Oh yeah- I know that is the official line...however, I know people do and have cycled it - same goes for the Kingsway in Holborn


----------



## slowmotion (8 Feb 2011)

subaqua said:


> EDIT bah too slow


----------



## ianrauk (8 Feb 2011)

Don't do it Grace. You say yourself that your fitness is not as it should be at the moment. All you need is one peanut car driver behind you in the tunnel making a fuss, it has a 30mph limit. Do the Rotherhithe tunnel (20mph limit) or Woolwich Ferry instead.


----------



## MARKE020272 (8 Feb 2011)

Grace, Take the foot tunnel from Greenwich by the Cutty Sark. It will take you across to Island gardens and it's a short cycle around the Docklands to Billinsgate Market. You may need to check that the tunnel is open if you planning of going very early morning. The website says it doesn't open until 6.00am. Much more pleasant than the Rotherhithe tunnel though.

Hope it helps


----------



## deptfordmarmoset (8 Feb 2011)

MARKE020272 said:


> Grace, Take the foot tunnel from Greenwich by the Cutty Sark. It will take you across to Island gardens and it's a short cycle around the Docklands to Billinsgate Market. You may need to check that the tunnel is open if you planning of going very early morning. The website says it doesn't open until 6.00am. Much more pleasant than the Rotherhithe tunnel though.
> 
> Hope it helps




The Greenwich foot tunnel is shut and it looks like it's going to be shut for around 4 weeks. There's a notice posted up on the closed entrance to that effect. I know this because I tried to use it today. The Woolwich foot tunnel is also shut and the ferry doesn't start until 6:10am, so the Thames (aka Greenwich council) is being a bit of an obstacle at the moment. I went up to Tower Bridge because the weather was too nice to think about taking the Rotherhithe Tunnel. But it might not be too bad around 4/5am, not that I've never actually had to do it myself.

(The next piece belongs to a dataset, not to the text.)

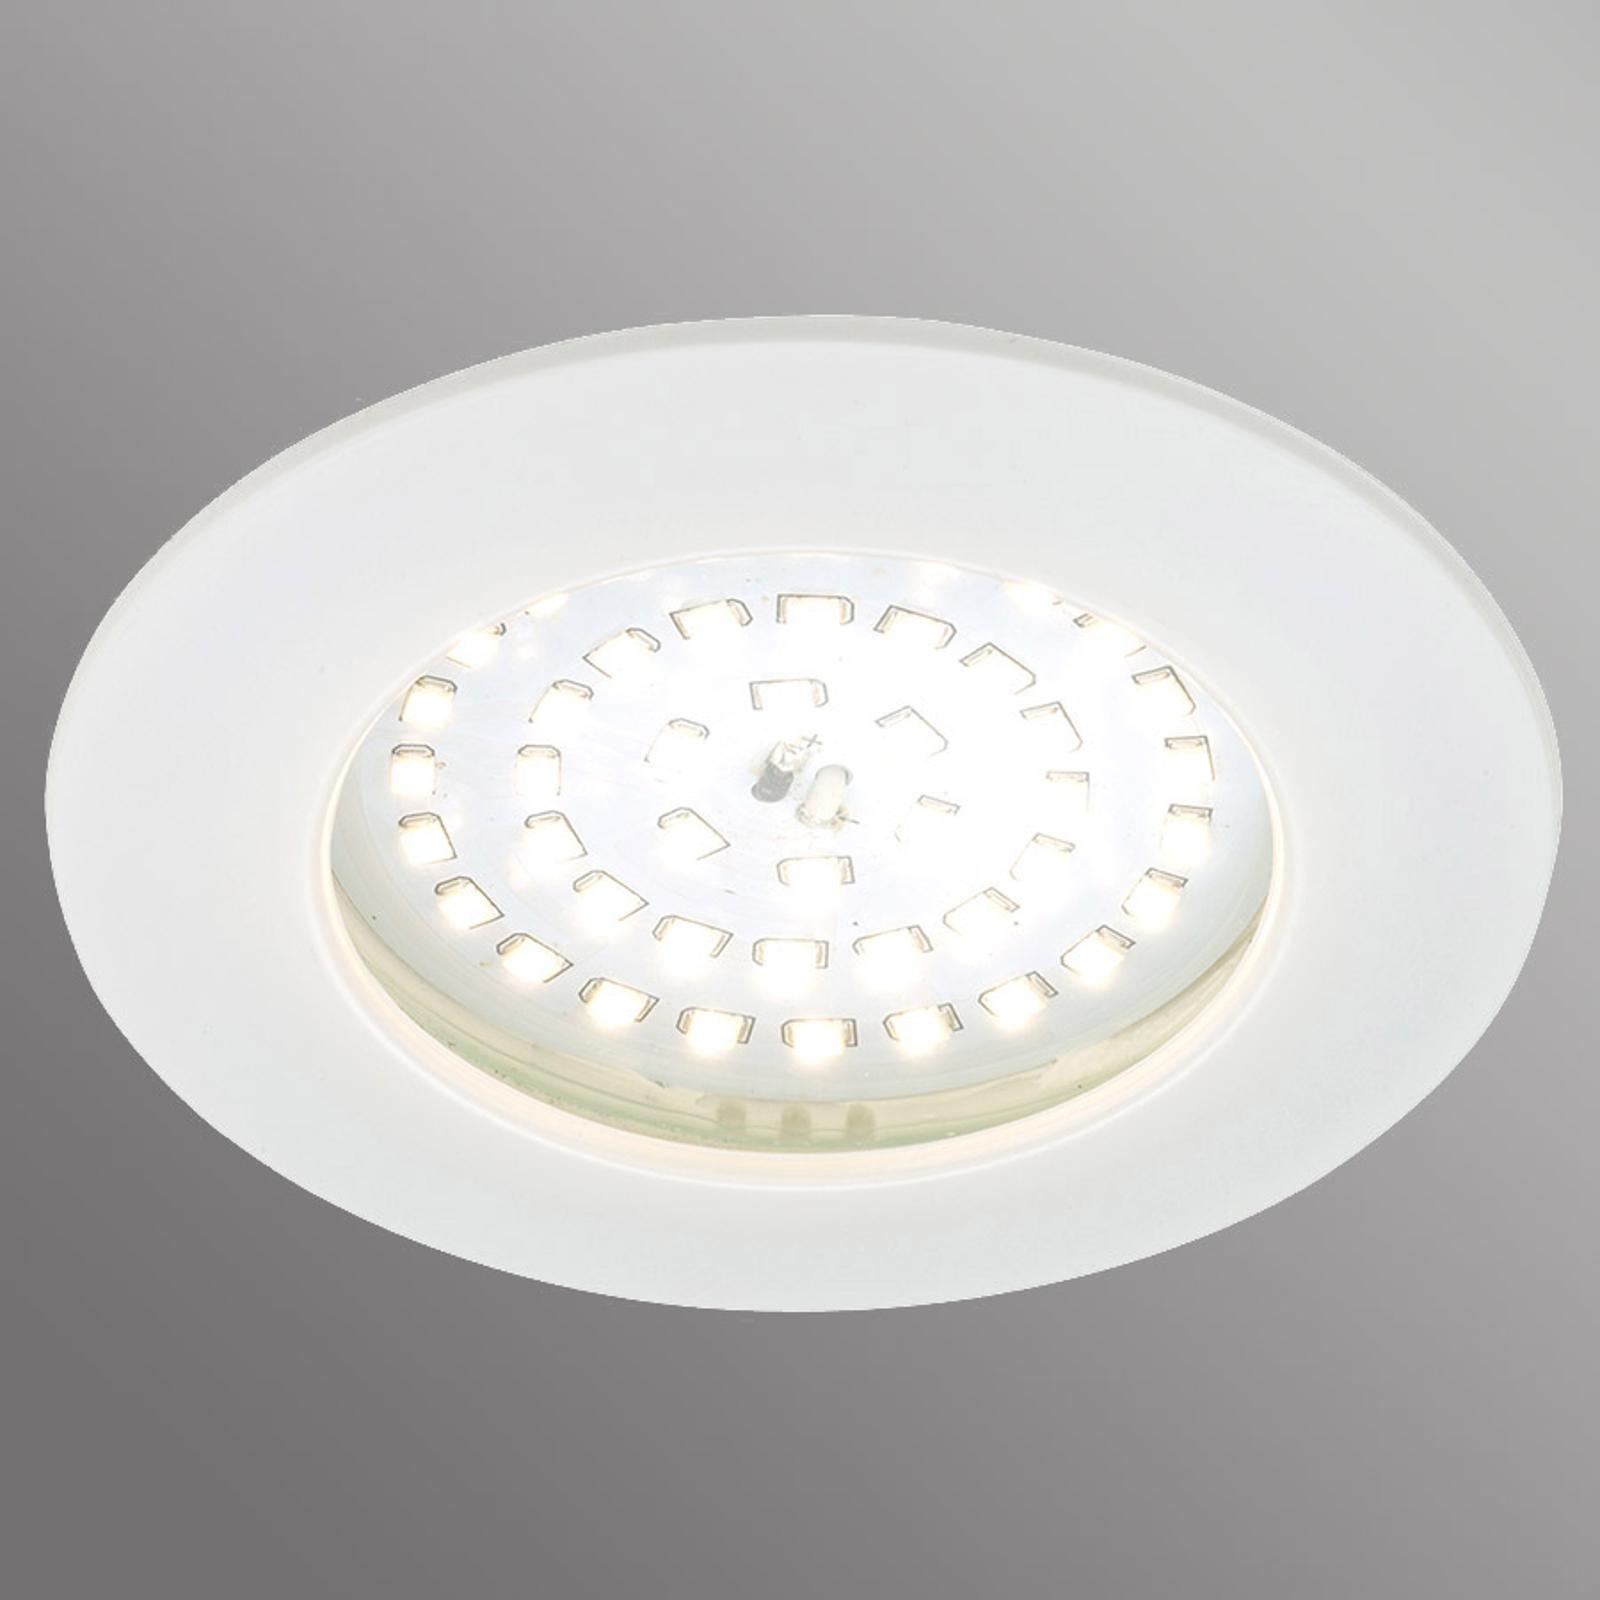 Lámpara empotrada LED Carl blanca para exterior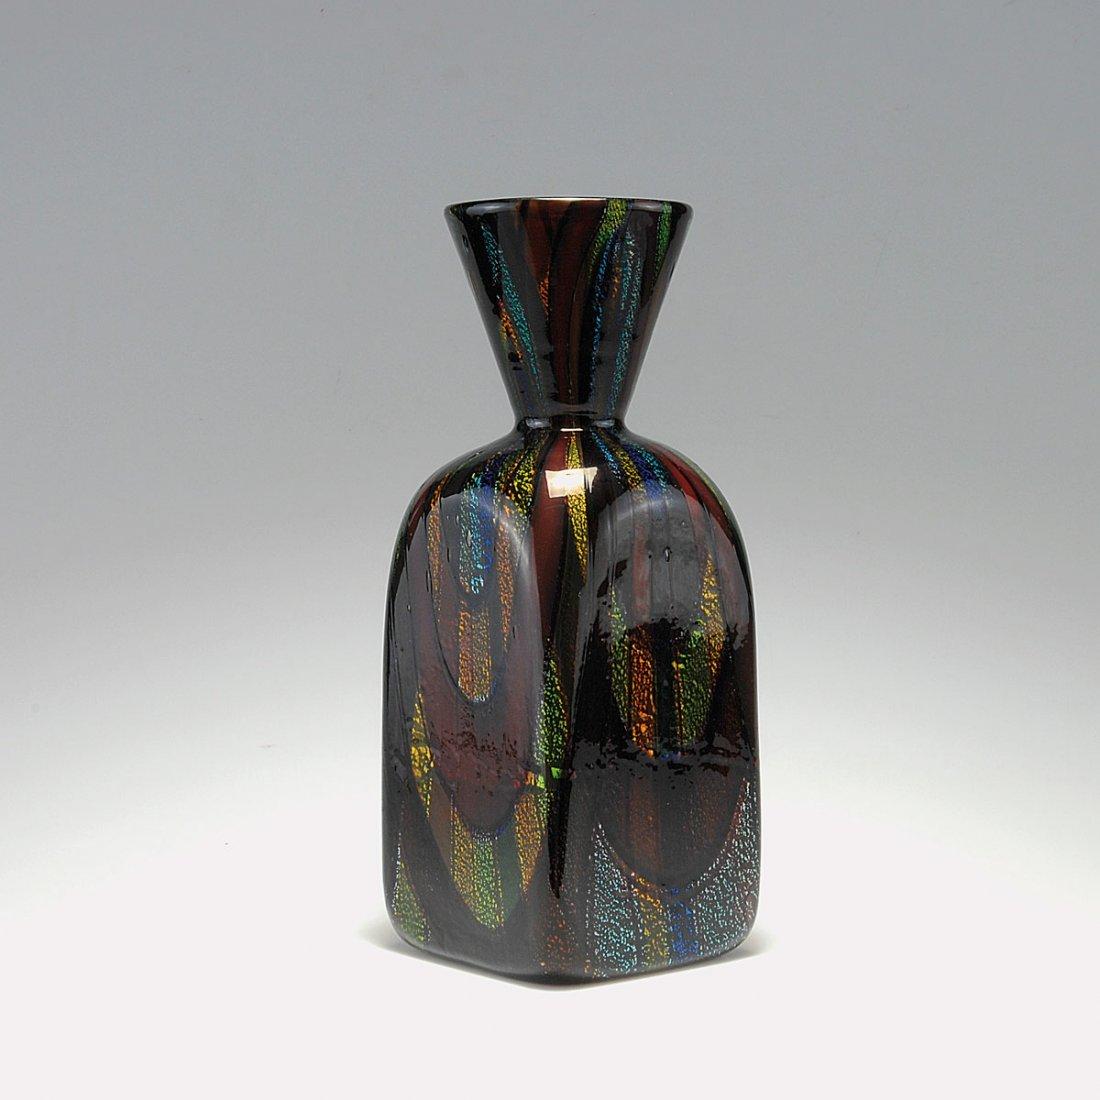 'Oriente' vase

And it ever I have to I'm going to cycle on the pavement because the road's just too narrow.


----------



## mcshroom (8 Feb 2011)

I've never cycled through it but I used to drive through it every day in a former job.

I wouldn't go anywhere near the North tunnel on a bike. 

The tunnel keeps going round sharp corners which mean you could very well be out of sight at sections of the road. 

Also, the height restriction keeps trucks (and some White Vans) penned in the inside lane so if you get one of these then it could be a very stressful ride. Especially as I can't remember a time when the tunnel wasn't busy, day or night.

Finally IMHO it stinks (I think worse than Rotherhythe).

The South tunnel would not be a sensible choice either IMHO, but by the time you would be riding back then other options should be available.


----------



## ttcycle (9 Feb 2011)

Thanks for the suggestions guys - will take heed!


----------



## User10571 (9 Feb 2011)

As above, both foot tunnels are currently out of service.

At the time you are talking about, Rotherhithe Tunnel should be traffic-lite or traffic free.
You've also got the (illegal but pedestrian-free) pavement to cycle along in there - personally, if you're reasonably fit it is no big deal to maintain the same clip as the traffic in there, but at that time of day there should hardly be any. There's a 20mph limit in there, and the traffic generally doesn't exceed that.

On a more salutary note...

I have it from the Legg-bandaged one, that if you do transgress into a cycle prohibited tunnel, you will be spotted on the constantly manned CCTV, they will close the tunnel to traffic to allow you to exit safely, and then they'll bill you for the closure.

I can't think how he knows this.


----------



## ttcycle (9 Feb 2011)

User10571 said:


> I have it from the Legg-bandaged one, that if you do transgress into a cycle prohibited tunnel, you will be spotted on the constantly manned CCTV, they will close the tunnel to traffic to allow you to exit safely, and then they'll bill you for the closure.
> 
> I can't think how he knows this.



I'm guessing personal experience...though how they'd bill you and identify you is hard to know!

Thanks User10571- looking at my options at present and I reckon I live on the wrong side of London to cycle it BUT will see and keep planning a possible directish route- TFL website faithfully and inaccurately tells me the journey would take me just over an hour- a little bit less than a combo of several buses. I might see if a friend of mine north of the river and slightly eastwards would let me crash at hers if we both plan to go to the market...!


----------



## User10571 (9 Feb 2011)

ttcycle said:


> ..though how they'd bill you and identify you is hard to know!


I think they put a big net across the exit portal. Srsly. Or something like that, anyway. Its not difficult, the Blackwall tunnel is staffed 24/7.


----------



## ianrauk (9 Feb 2011)

User10571 said:


> * I think they put a big net across the exit portal.* Srsly. Or something like that, anyway. Its not difficult, the Blackwall tunnel is staffed 24/7.



Hey Sarg! We caught another one in the net!


----------



## ttcycle (9 Feb 2011)

lol - at this rate, I should cycle out to the coast and bring a net and catch my own bloody fish!!

Though Rotherhithe tunnel looks like a valid option at the moment - slight detour but not too bad.


----------



## ianrauk (9 Feb 2011)

And it's very flat on the way to RTunnel..


----------



## ttcycle (9 Feb 2011)

thanks for the heads up- however, living where I do - I'm in amongst hills (of sorts) - so can't avoid them anymore!


----------



## her_welshness (9 Feb 2011)

ianrauk said:


> Don't do it Grace. You say yourself that your fitness is not as it should be at the moment. All you need is one peanut car driver behind you in the tunnel making a fuss, it has a 30mph limit. Do the Rotherhithe tunnel (20mph limit) or Woolwich Ferry instead.



Agreed, the Blackwall tunnel is totally off limits to cyclists. I would not even do the Rotherhithe tunnel  but the Woolwich ferry would be preferable. Bah to the Greenwich foot tunnel being shut


----------